= 1856–1861 Stafford ministry =

Former government of New Zealand

The First Stafford Ministry was the third responsible government to be formed in New Zealand, and the first to last more than a few weeks. It formed in June 1856, and lasted until July 1861. As the office of Premier had yet to be established, Edward Stafford served as head of the government, although initially Henry Sewell was the Minister who reported to the Governor.

==Background==
Stafford defeated William Fox 18–17 in a confidence motion based on the latter's proposal to give the provinces the bulk of state funding. He thereafter resigned the Superintendency of Nelson Province and formed a ministry including Henry Sewell, who was soon sent to London to negotiate a loan, and the detail-oriented William Richmond.

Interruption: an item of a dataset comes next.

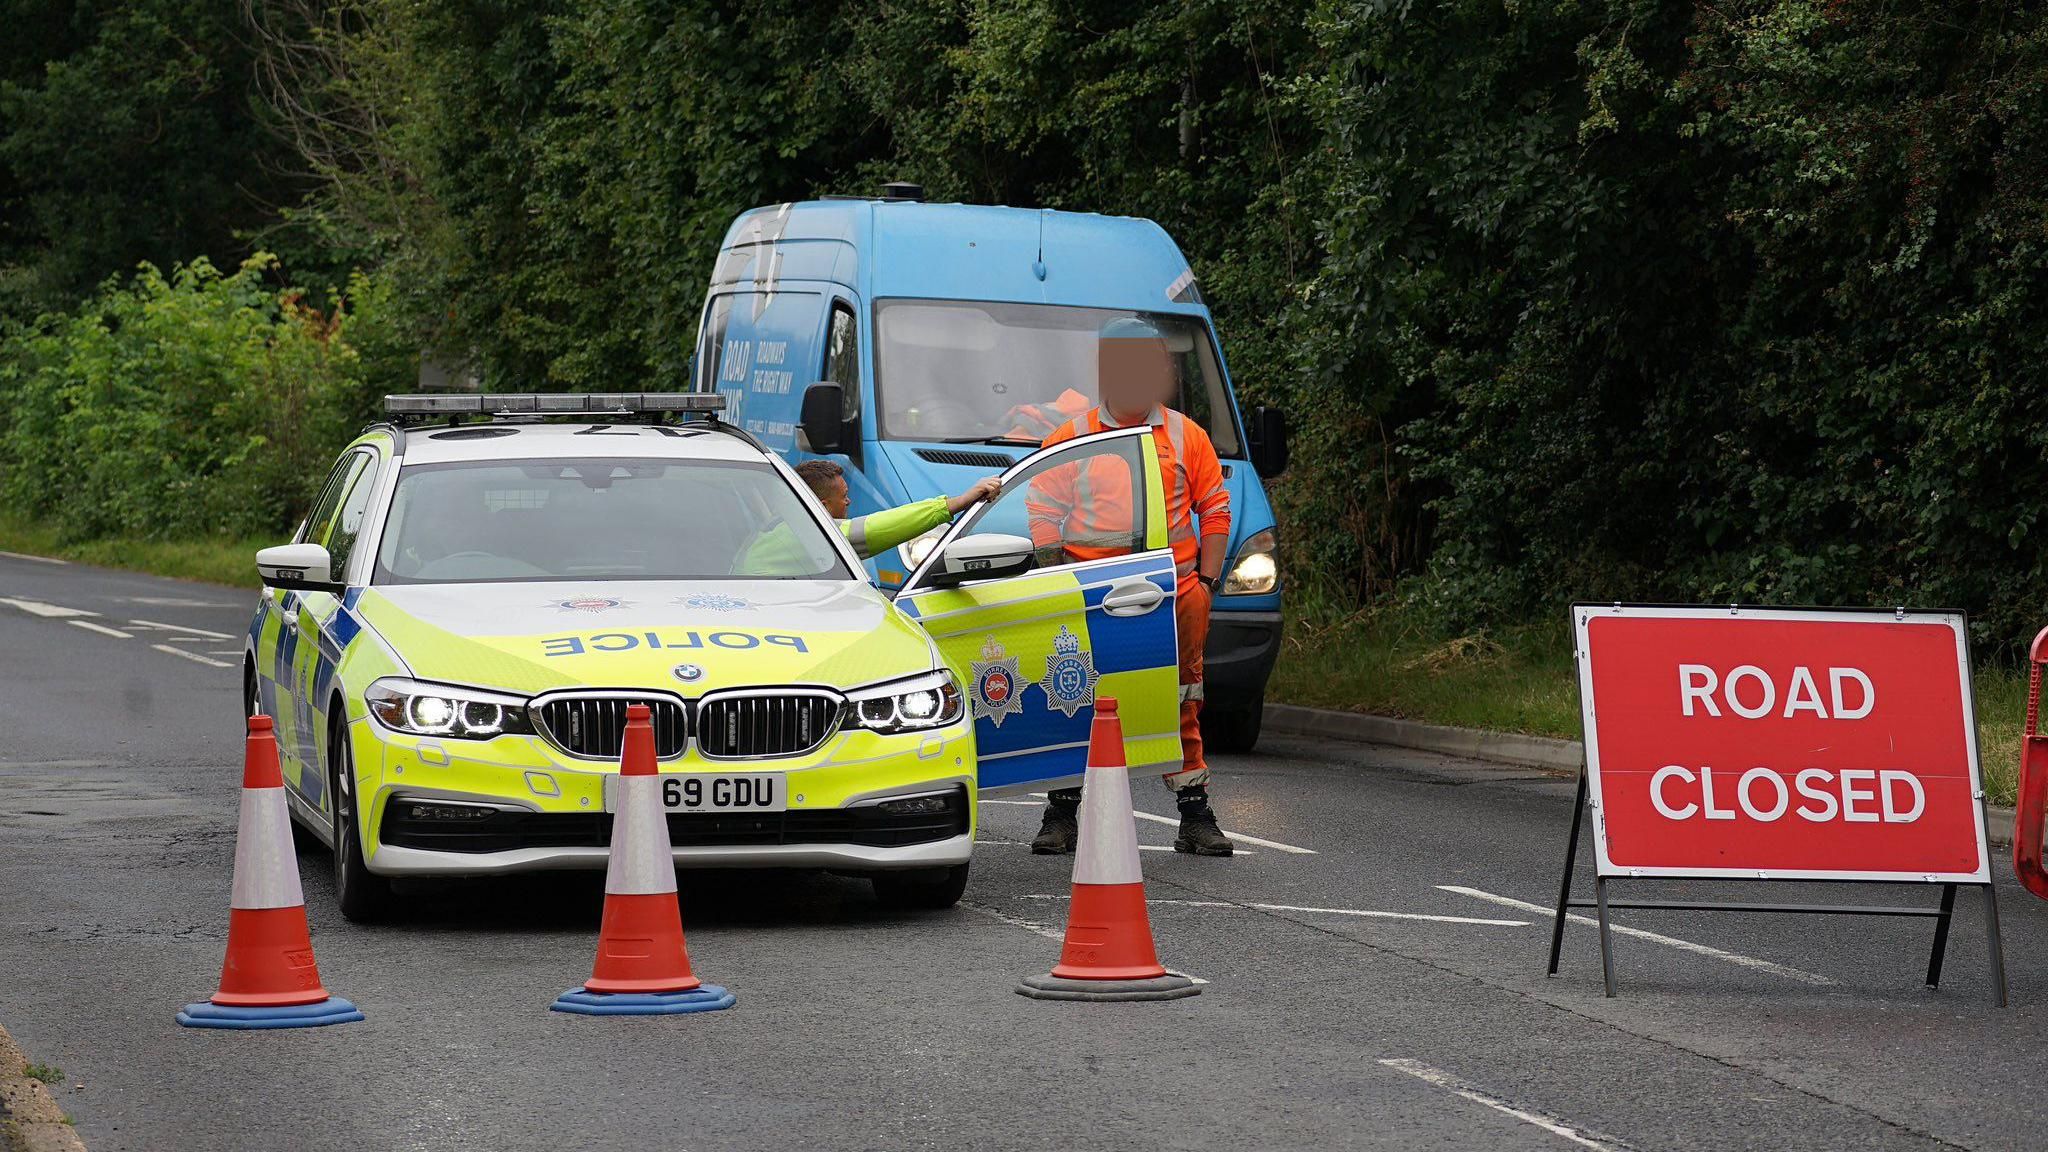 A police car behind three orange traffic cones next to a red sign which reads Road Closed. A man in an orange high-vis outfit is stood in front of a blue van

Sewell became alienated from the ministry during his long absence and resigned a couple of months after returning in 1859. Meanwhile, Stafford followed a centralist policy: the government allocated a portion of land sale revenue to the provinces, ensuring that once the bulk of Crown land was sold, the provincial governments would struggle to raise enough revenue to survive; they also passed the New Provinces Act, permitting the break-up of the existing units into smaller and less powerful provinces.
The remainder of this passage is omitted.